See artikkel on trükitud:
https://www.eesti.ca/politics-of-intervention/article22953
Politics of intervention
27 Feb 2009 Tõnu Naelapea
Intervention is actually a mild word if one wishes to describe what Moscow has been up to lately with its push to have citizenship granted to hundreds of thousands of ethnic Russians living in the historical Russian “near abroad.” That near abroad not only includes the Baltic States, illegally occupied after WW II, but also countries that ended up being part of the Warsaw pact or under “indirect” Soviet rule, countries such as Georgia, Ukraine and Moldova.

Associated Press writers Maria Danilova and Gary Peach addressed the implications of the Kremlin’s strategy in their article written for the wire service “Russia hands out passports, stirs fears in West”, published on February 22. As of the writing of this article, the AP report has, to the best of our knowledge not surfaced in mainstream newspapers. But it should, and let us hope it will.

Danilova and Peach outline the strategy of Russia using Western rules while holding fast to historic Russian intentions: those would be military, empire building intentions. This time the cannons and AK-47’s are made of stiff paper and coloured cardboard. The weapons are passports.

Danilova and Peach write, that according to the Russian Federal Migration Service (FMS) Moscow has issued nearly 2.9 million passports to “former Soviet citizens.” The FMS has not broken down the numbers to indicate whether or not since the fall of the Soviet Union some of those nearly 3 million ex-Soviet citizens have returned back to the rodina.

To quote an entire paragraph from the AP report:

“ Some fear Moscow will use its growing expatriate communities to meddle in the domestic policies of countries near its borders, or - as in the case of Georgia - as an excuse for military intervention. But the Kremlin says it is granting passports to Russians abroad for humanitarian rather than political reasons, to help Russians trapped in other countries after the breakup of the Soviet Union.”

An educated reader would find that term “trapped” more than ironic as well as proof of clever and typical Russian desinformatsiya, playing to a sympathetic and politically correct western world.

Danilova and Peach consider Estonia to be a “flashpoint,” this because the nation has “made clear it’s nervous about its large ethnic Russian population.” The AP writers note that Russians living in Estonia were denied (emphasis EL) automatic citizenship after Estonia’s regained independence in 1991. Furthermore, many Russians are “so-called ‘noncitizens’ who must pass a language exam before receiving an Estonian passport.”

And consider also Ukraine: the authors note that it has been estimated that about every 10th resident of Ukraine, or approximately 200,000 people hold dual Ukrainian-Russian citizenship. Dual citizenship is, however, against the law in Ukraine.

The AP writers simplify the issue somewhat by suggesting that the passport and dual citizenship issue is one of economics. They use Narva as an example, which thanks to Soviet policies is today a predominantly ethnic Russian city. Danilova and Peach note that Narva residents holding both a Russian passport and Estonian non-citizen paperwork (resident) can travel throughout the Schengen zone. The article quotes a Narva resident saying that even this advantage makes him feel like a “second class citizen.”

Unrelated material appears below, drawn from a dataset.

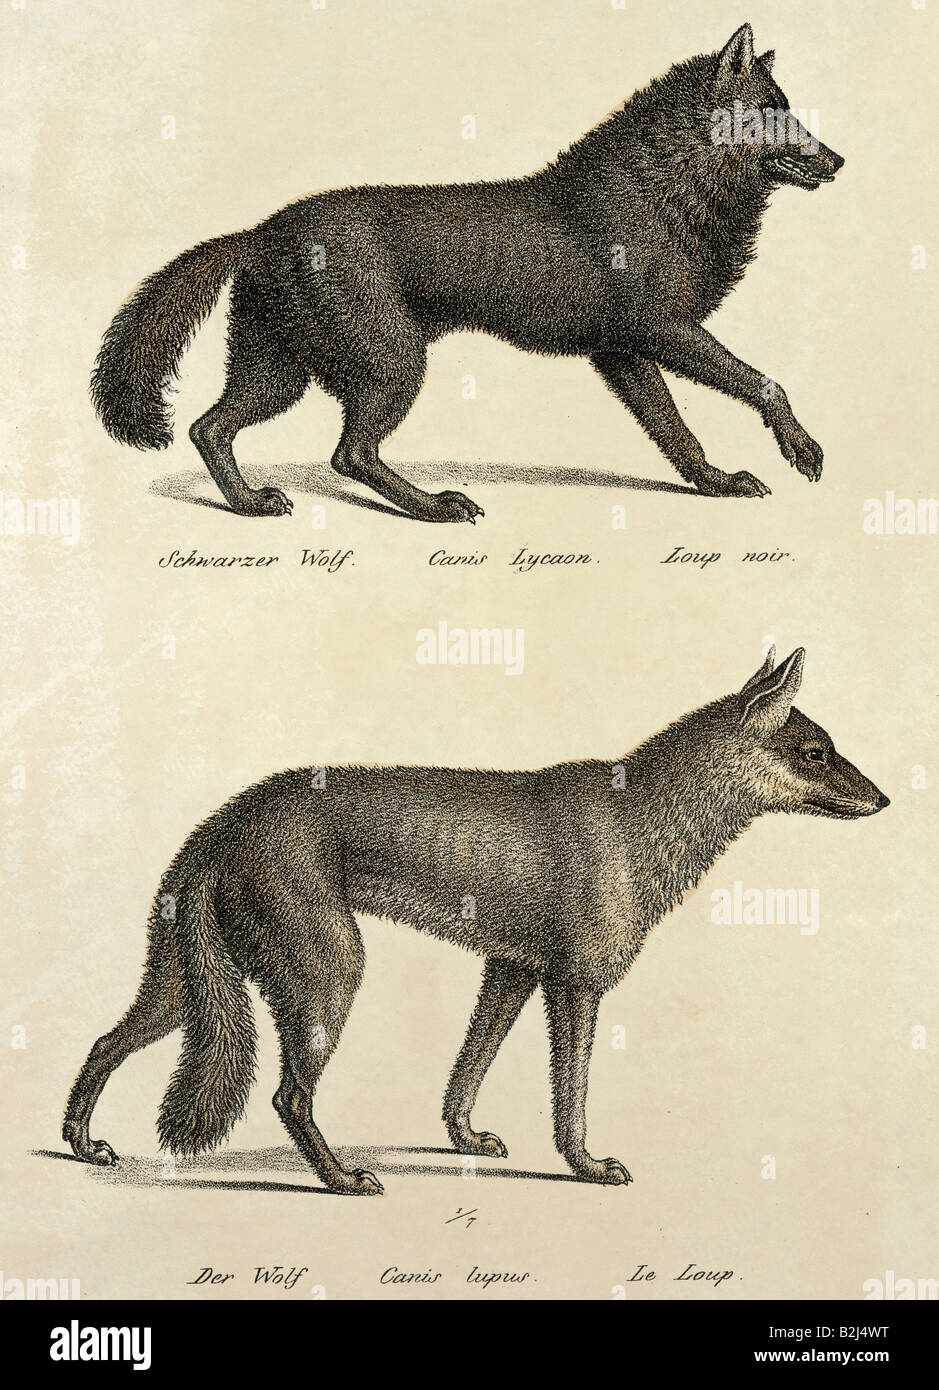 zoology / animal, mammal / mammalian, wolfs, above: Eastern Wolf (Canis lupus lycaon), below: Eurasian Wolf (Canis - Stock Image

In Ukraine Moscow is “trying to do the same thing they did with Abkhazia and South Ossetia – establish legal grounds, at least in the Russian legal system, for intervention. Whether that be economic, political or military” the authors cite Peter Zeihan of Stratfor as saying.

But the most chilling for those of us living in the complacent west to read are the final two paragraphs of the lengthy AP article:

“Many remain convinced that Russia’s true motive in handing out passports outside with its borders has to do with politics and power. 'If there are some 200,000 Russian citizens living in Estonia, Russia will have the basis to intervene,’ said Sergei Stepanov, an ethnic Russian resident of Narva and noncitizen. “Who will stop them?”

Exactly the point. The politics of intervention require a measured but firm response from the West. Time to have an educated and reasonable intervention of our own.